Researchers have achieved a breakthrough in the fight to save the world’s coral reefs from climate change annihilation. In a paper published today in Nature Communications, co-authors E. Michael Henley and Mary Hagedorn, research biologists at the University of Hawai‘i at Mānoa’s Hawai‘i Institute of Marine Biology, and collaborators describe the first successful technique for cryopreserving and reviving entire coral fragments.
This milestone was conducted in Kane‘ohe Bay, Hawai‘i at HIMB and heralds a new age for cryopreservation and coral conservation because the coral fragments contain tens of thousands of cells and are among the most complex biological systems ever successfully ushered through the cryopreservation and thawing process. This proof-of-concept opens the door to collecting and preserving coral fragments easily and rapidly at an urgent moment for coral worldwide.
“This process holds enormous promise to conserve the biodiversity and genetic diversity of coral,” said Hagedorn, who is also a Senior Research Scientist at Smithsonian’s National Zoo and Conservation Biology Institute (NZCBI). “If we can scale this up and refine the post-thaw husbandry, we will be able to work year-round rather than just a few days during spawning seasons. If we can do that, this will be a really viable process that changes how we see the security of corals going forward.”
Recent climate models estimate if greenhouse gas emissions continue unabated, 95% or more of the world’s corals could die by the mid-2030s.

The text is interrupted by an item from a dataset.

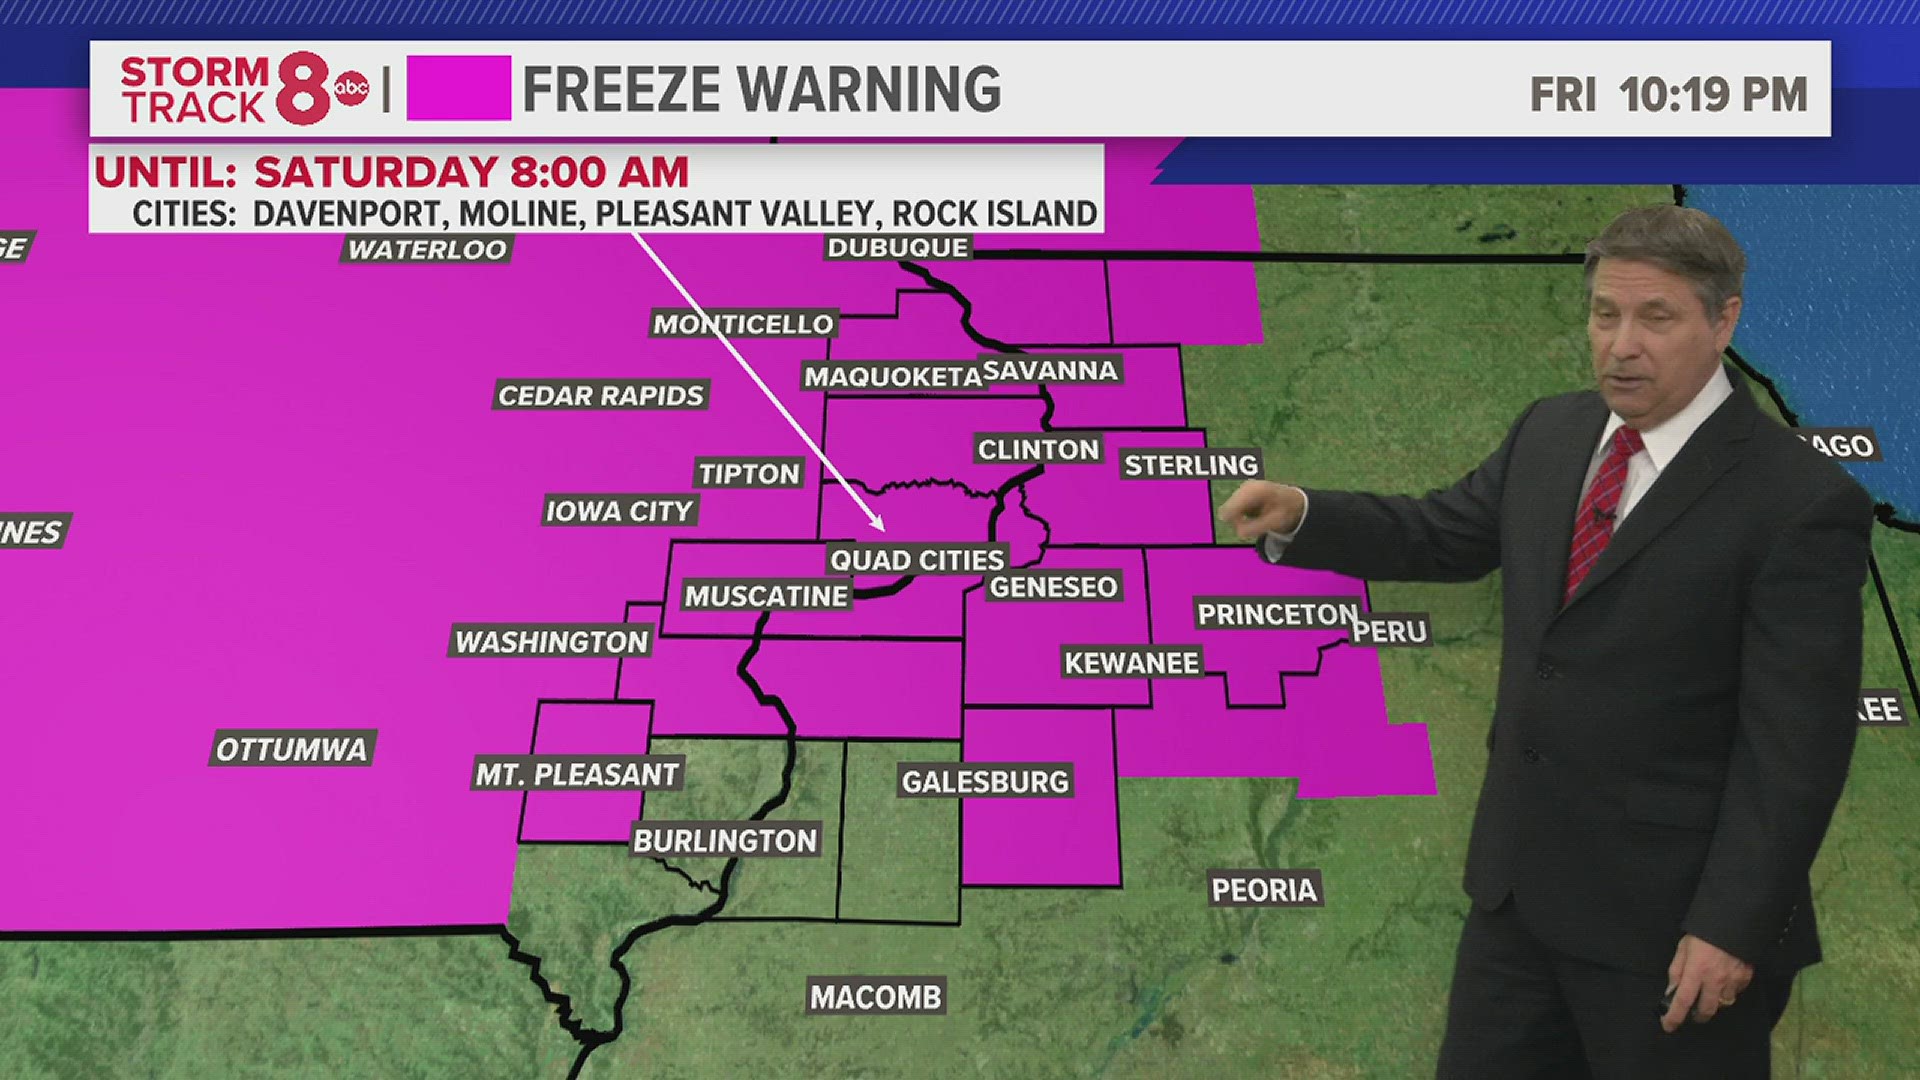 Freeze Warning for most of the area overnight

This leaves precious little time to safeguard their estimated $10 trillion annual economic value or the innumerable other marine species that rely on corals for their livelihood.
Improving cryopreservation methods
Current coral cryopreservation techniques rely largely on freezing sperm and larvae, which can only be collected during fleeting spawning events, which occur only a few days a year for a species. This creates a logistical challenge for researchers and conservationists, and limits the speed with which coral species can be successfully cryo-banked. To complicate matters further, warming oceans and increasingly frequent marine heatwaves mean corals can be biologically stressed such that their reproductive material is too weak to stand up to the rigors of being cryopreserved and thawed.
With these limitations in mind, Hagedorn and her colleagues started their work to cryopreserve and revive entire fragments of coral in 2019. The small fragments of coral used in this study feature about 20 individual coral polyps embedded in a calcium carbonate skeleton. This large mass of tissue with tens of thousands of cells and a skeleton is far more complex to cryopreserve than a single cell, such as a sperm. To get around this problem, Hagedorn and her collaborators focused on a process called isochoric vitrification.
This technique minimizes the toxicity of the cryopreservation solution and prevents the formation of ice by placing the biological material inside a rigid aluminum chamber. When researchers seal the coral fragment inside the solution-filled chamber and rapidly cool it with liquid nitrogen, any water inside tends to not expand and form ice crystals that can damage tissue. If ice starts to form, the unyielding walls of the aluminum chamber restrict its growth. Instead of ice formation, isochoric vitrification preserves the coral polyps in a glass-like state that avoids damage to their delicate cells.
But getting isochoric vitrification to work with corals was not without its challenges. For example, researchers discovered the corals needed to be bleached prior to cryopreservation. In nature, coral bleaching occurs when corals get so stressed — usually from excessive heat —they eject the photosynthetic algae with which they normally have a healthy symbiotic relationship and begin to starve. But during cryopreservation the coral’s symbionts created problems because the symbionts reacted differently to the process than the corals, creating damaging pockets of ice. To bleach the corals prior to cryopreservation, the team used a combination of menthol and intense light. Somewhat counterintuitively, the team noted in the lab the bleached corals appeared quite healthy, possibly because they ingested their damaged symbionts, rather than expelling them.
The research team tested the isochoric vitrification technique with thumbnail-sized fragments of the finger coral (Porites compressa) from Hawai‘i. After vitrifying the bleached coral fragments inside their aluminum chambers by immersing them in a bath of liquid nitrogen, the chambers were warmed, then the fragments were transferred to seawater and allowed to recover. When assessing the health of the revived corals, they found the rate of oxygen consumed by the vitrified-thawed corals was comparable to those that were never cooled. The team stopped their oxygen measurements at 24 hours because of a desire to separate the success of the vitrification process from husbandry issues that will require ongoing refinement.
Now, Henley, also a Research Scientist at NZCBI, and the collaborative team are actively working on the problem of how to keep corals alive beyond 24 hours post-thaw, and the team is exploring the use of antibiotics, antioxidants and probiotics to bolster the corals’ microbiomes and help them survive.
“Our goal is to cryopreserve as many species of coral as possible by 2030,” said Henley. “If this is successful, we may be able to do that. At a time when climate change is moving so fast, this gives us an amazing ability to stop time here in the 2020s.”